Deferred tax liabilities:
  Property, plant and equipment.....................  $182,662   $147,775    $148,910
  Other.............................................       650        841         841
                                                      --------   --------    --------
     Total deferred tax liabilities.................  $183,312   $148,616    $149,751
Deferred tax assets:
  Net operating loss carryforward...................  $ 25,270   $     --    $     --
  Other.............................................     7,154      5,266       5,266
                                                      --------   --------    --------
     Total deferred tax assets......................  $ 32,424   $  5,266    $  5,266
Valuation allowance.................................     1,989      1,989       1,989
                                                      --------   --------    --------
     Net deferred tax assets........................  $ 30,435   $  3,277    $  3,277
                                                      --------   --------    --------
       Net deferred tax liabilities.................  $152,877   $145,339    $146,474
                                                      ========   ========    ========


     The Partnership recognized a pre-initial public offering federal net
operating loss for income tax purposes of $3.9 million and $57.0 million for the
years 2001 and 2000, respectively.
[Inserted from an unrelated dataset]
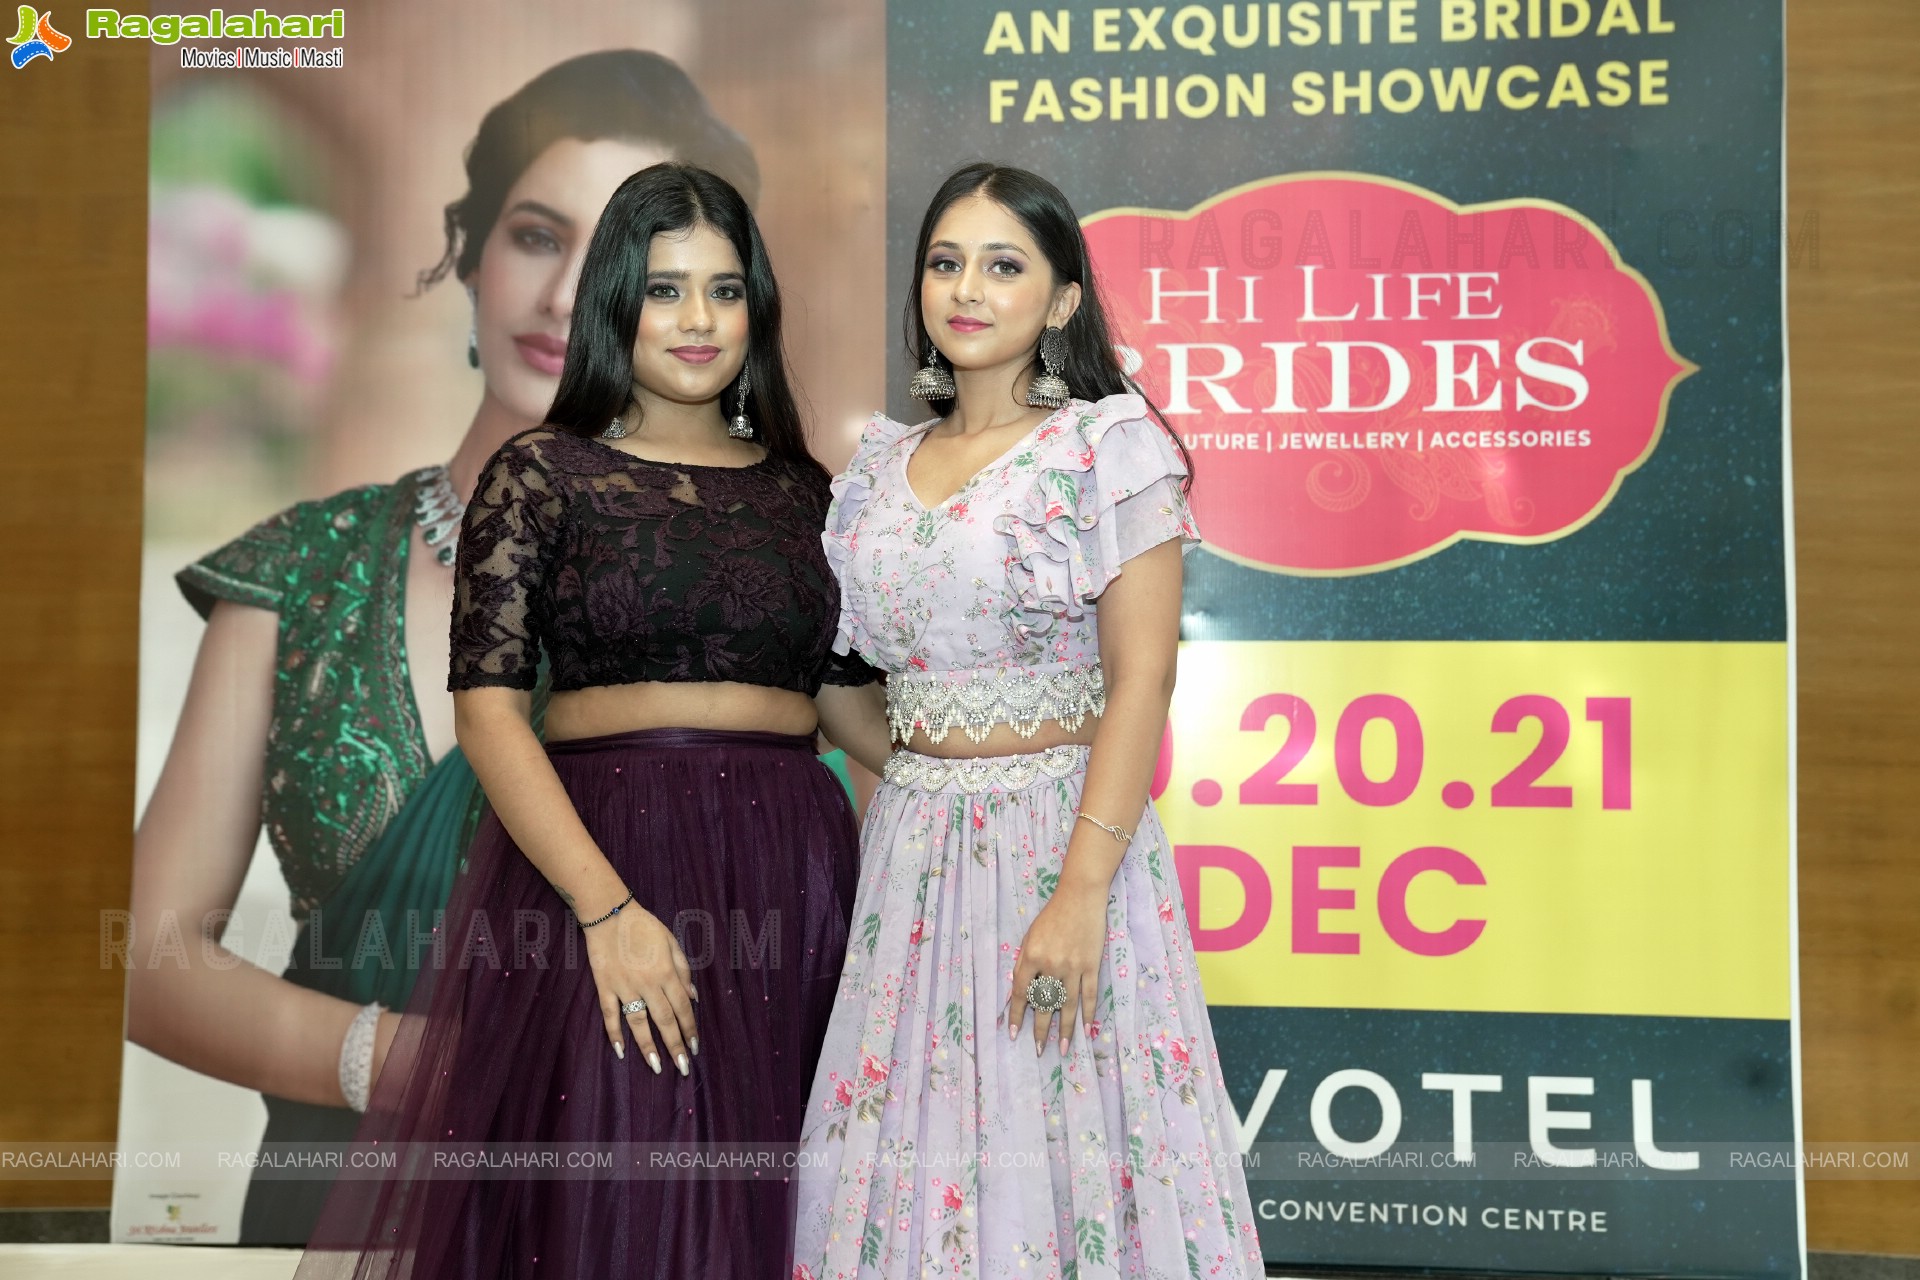 Hi Life Brides Exhibition December 2022 Announcement and Fashion Show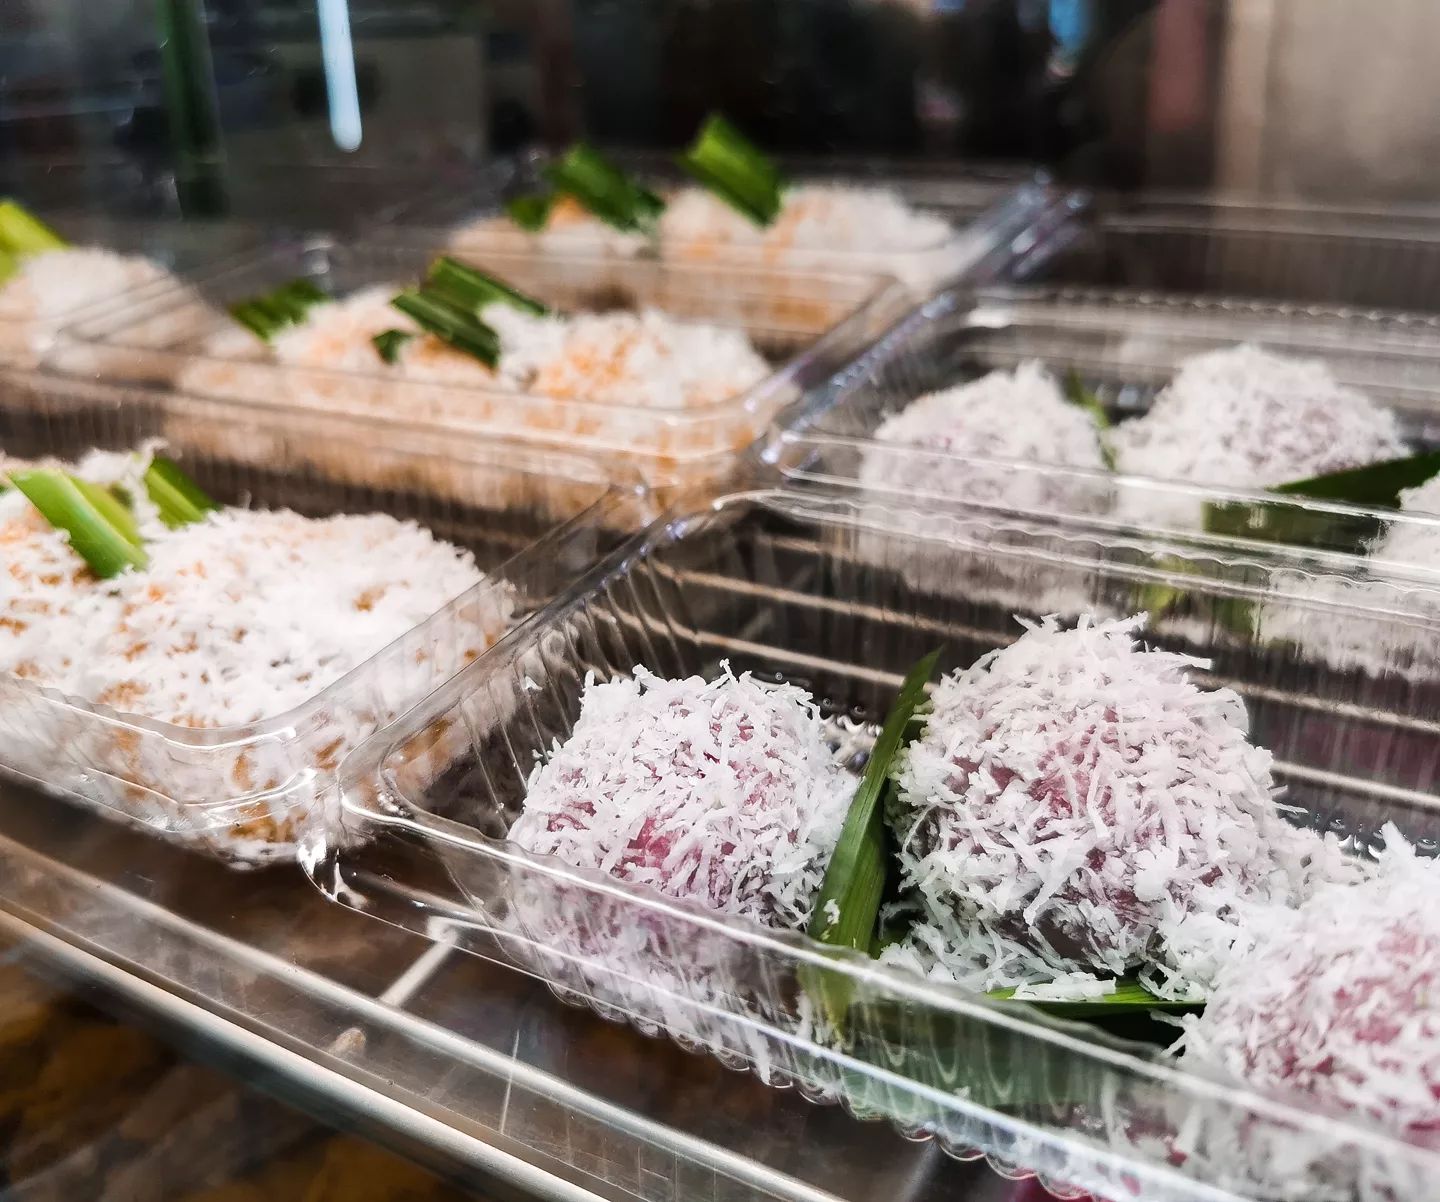 hung huat cakes & pastries - kueh

The $3.9 million federal net operating loss
expires in 2021. The $57.0 million federal net operating loss carryforward
expires in 2020. Payments to Williams in lieu of income taxes were $2.3 million
in 1999.

     As a result of the initial public offering and the concurrent transactions
on February 9, 2001 (see Note 1), the net deferred tax liability on that date of
approximately $14.0 million was assumed by Williams, in exchange for an
additional equity investment in the Partnership.

10.  LONG-TERM DEBT

     Long-term debt and available borrowing capacity for the Partnership at
December 31, 2001, were $139.5 million and $35.5 million, respectively, and
$148.0 million and $27.0 million at March 31, 2002 (unaudited), respectively. At
both March 31, 2002 (unaudited) and December 31, 2001, the OLP had a $175.0
million bank credit facility. The credit facility was comprised of a $90.0
million term loan facility and an $85.0 million revolving credit facility, which
includes a $73.0 million acquisition sub-facility and a $12.0 million working
capital sub-facility. On February 9, 2001, the OLP borrowed $90.0 million under
the term loan facility and $0.1 million under the acquisition sub-facility. The
$0.1 million borrowed under the acquisition sub-facility was repaid in July
2001. In June 2001, the OLP borrowed $29.5 million under the acquisition
facility to fund the purchase of two terminals in Little Rock, Arkansas from
TransMontaigne. In October 2001, the OLP borrowed $20.0 million to fund the
acquisition of the Gibson, Louisiana terminal from Geonet. In January 2002, the
OLP borrowed $8.5 million to finance the acquisition of a pipeline from Aux
Sable. The Partnership entered into a long-term lease arrangement with Aux Sable
under which Aux Sable is the sole lessee of these assets. The transaction will
be accounted for as a capital lease.

     The credit facility's term extends through February 5, 2004, with all
amounts due at that time. Borrowings under the credit facility carry an interest
rate equal to the Eurodollar rate plus a spread from 1.0% to 1.5%, depending on
the OLP's leverage ratio. Interest is also assessed on the unused portion of the
credit facility at a rate from 0.2% to 0.4%, depending on the OLP's leverage
ratio. The OLP's leverage ratio is defined as the ratio of consolidated total
debt to consolidated earnings before interest, income

                                       F-29

                         WILLIAMS ENERGY PARTNERS L.P.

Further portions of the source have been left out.